THE PROBLEM: An exact transcription of all the data is required; the pictures are to be left out.

AVAILABLE DATA:
Content starts
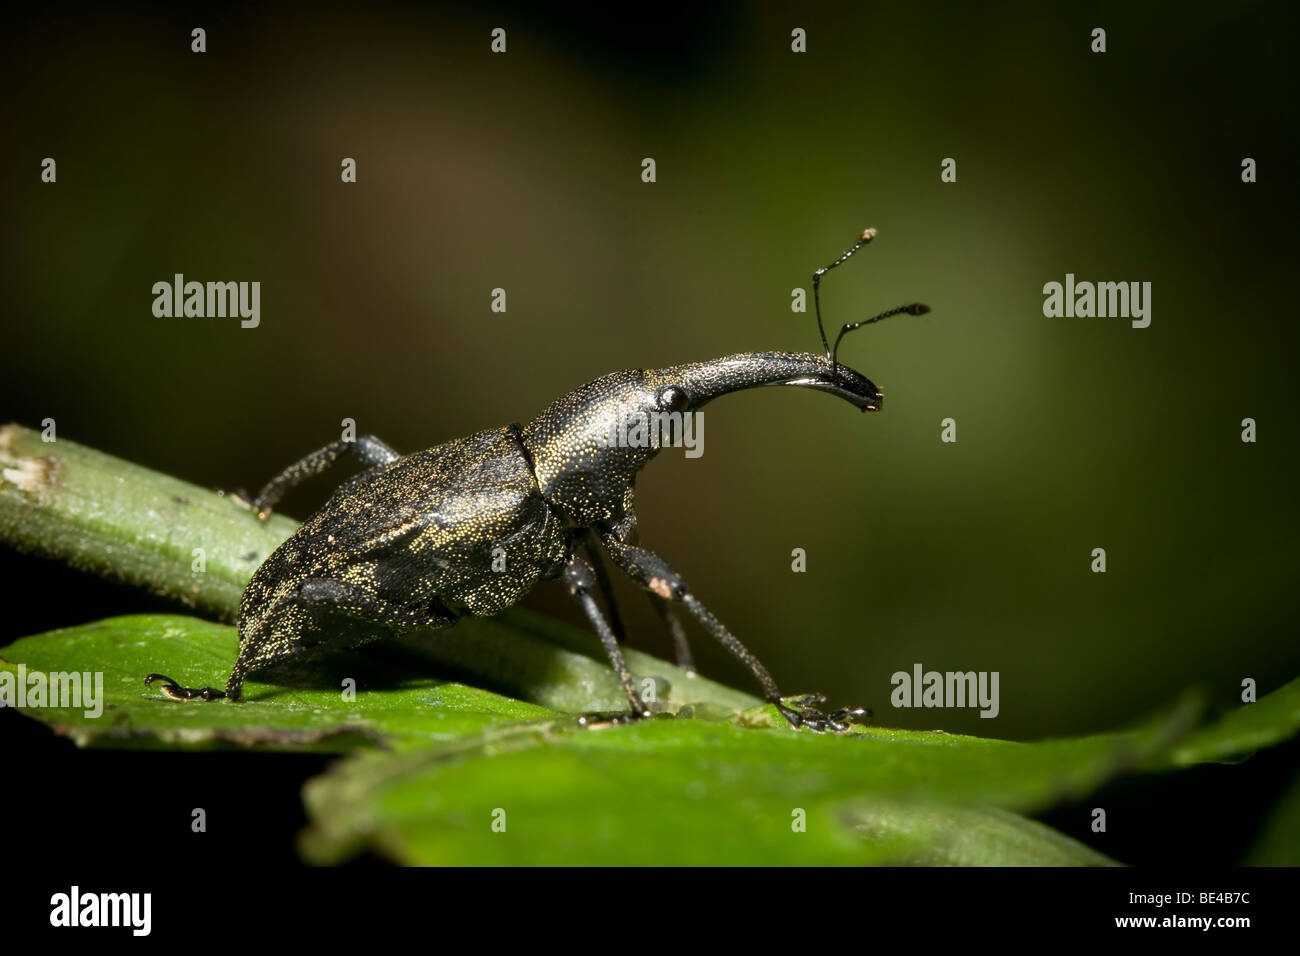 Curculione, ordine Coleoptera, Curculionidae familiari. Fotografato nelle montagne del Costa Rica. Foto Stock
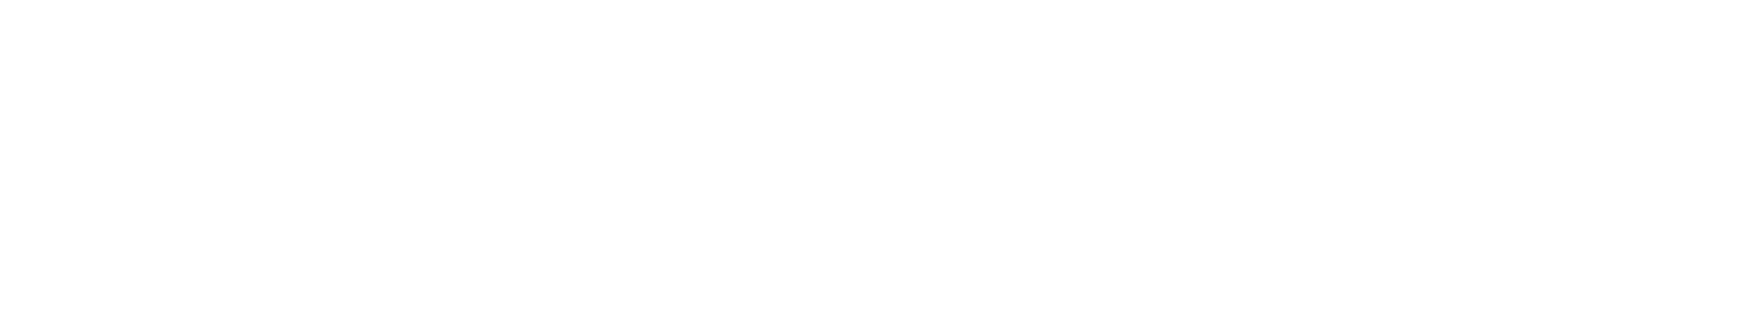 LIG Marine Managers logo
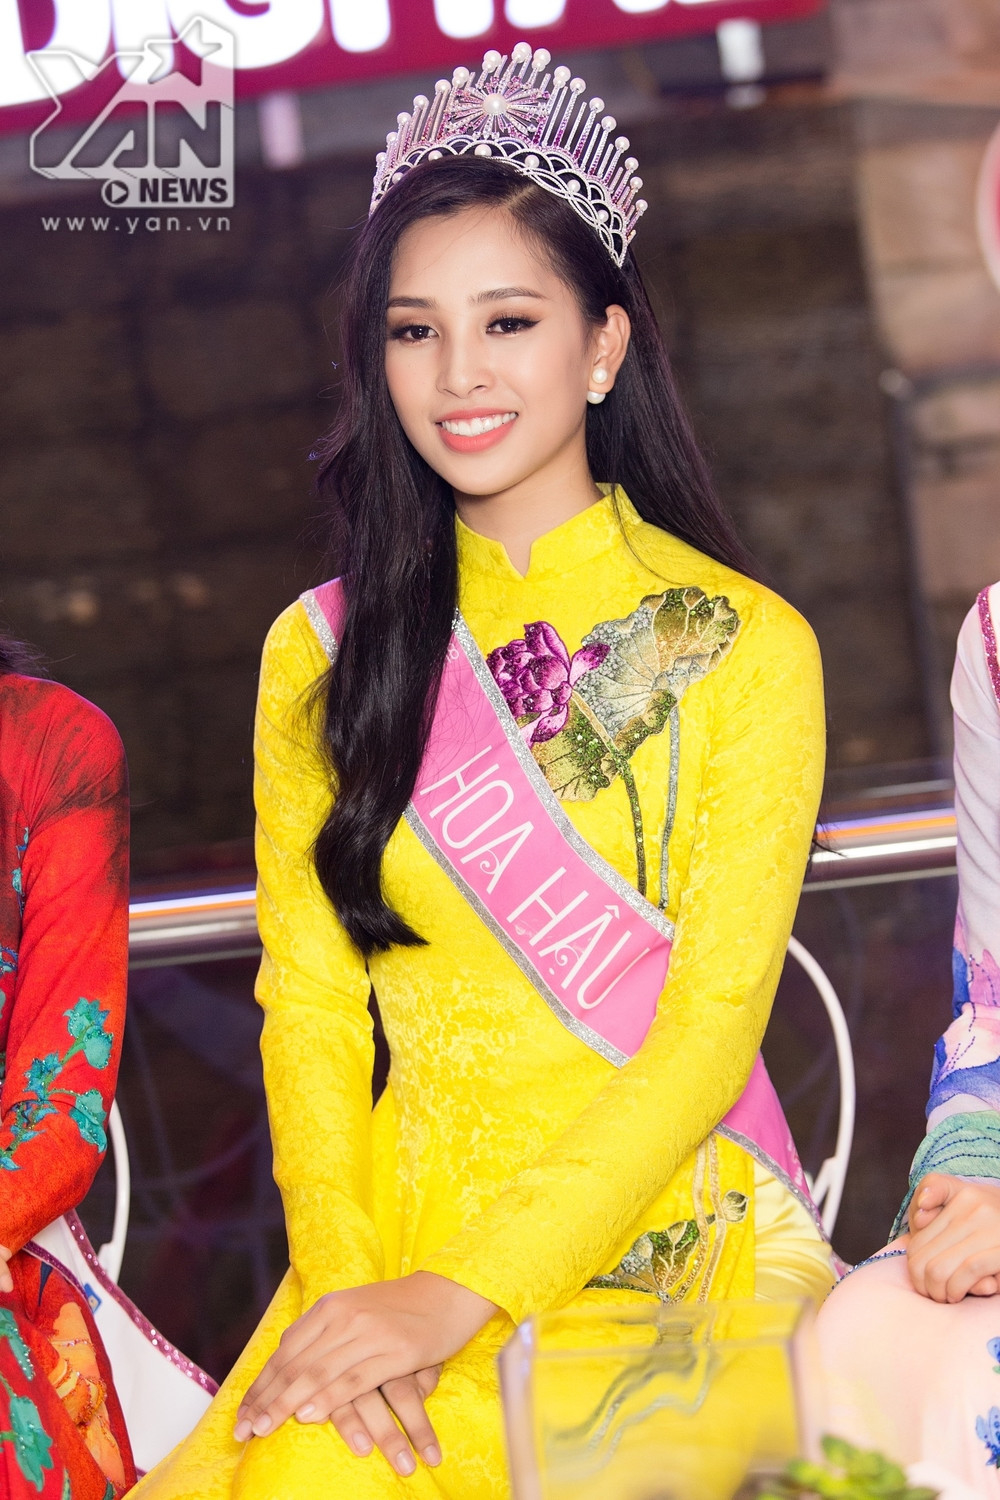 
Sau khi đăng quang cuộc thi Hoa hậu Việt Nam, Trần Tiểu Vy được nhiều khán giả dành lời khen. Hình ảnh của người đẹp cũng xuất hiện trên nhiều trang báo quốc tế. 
Content ends
TASK RESULT:
 Curculione, ordine Coleoptera, Curculionidae familiari. Fotografato nelle montagne del Costa Rica. Foto Stock
 LIG Marine Managers logo
Sau khi đăng quang cuộc thi Hoa hậu Việt Nam, Trần Tiểu Vy được nhiều khán giả dành lời khen. Hình ảnh của người đẹp cũng xuất hiện trên nhiều trang báo quốc tế. 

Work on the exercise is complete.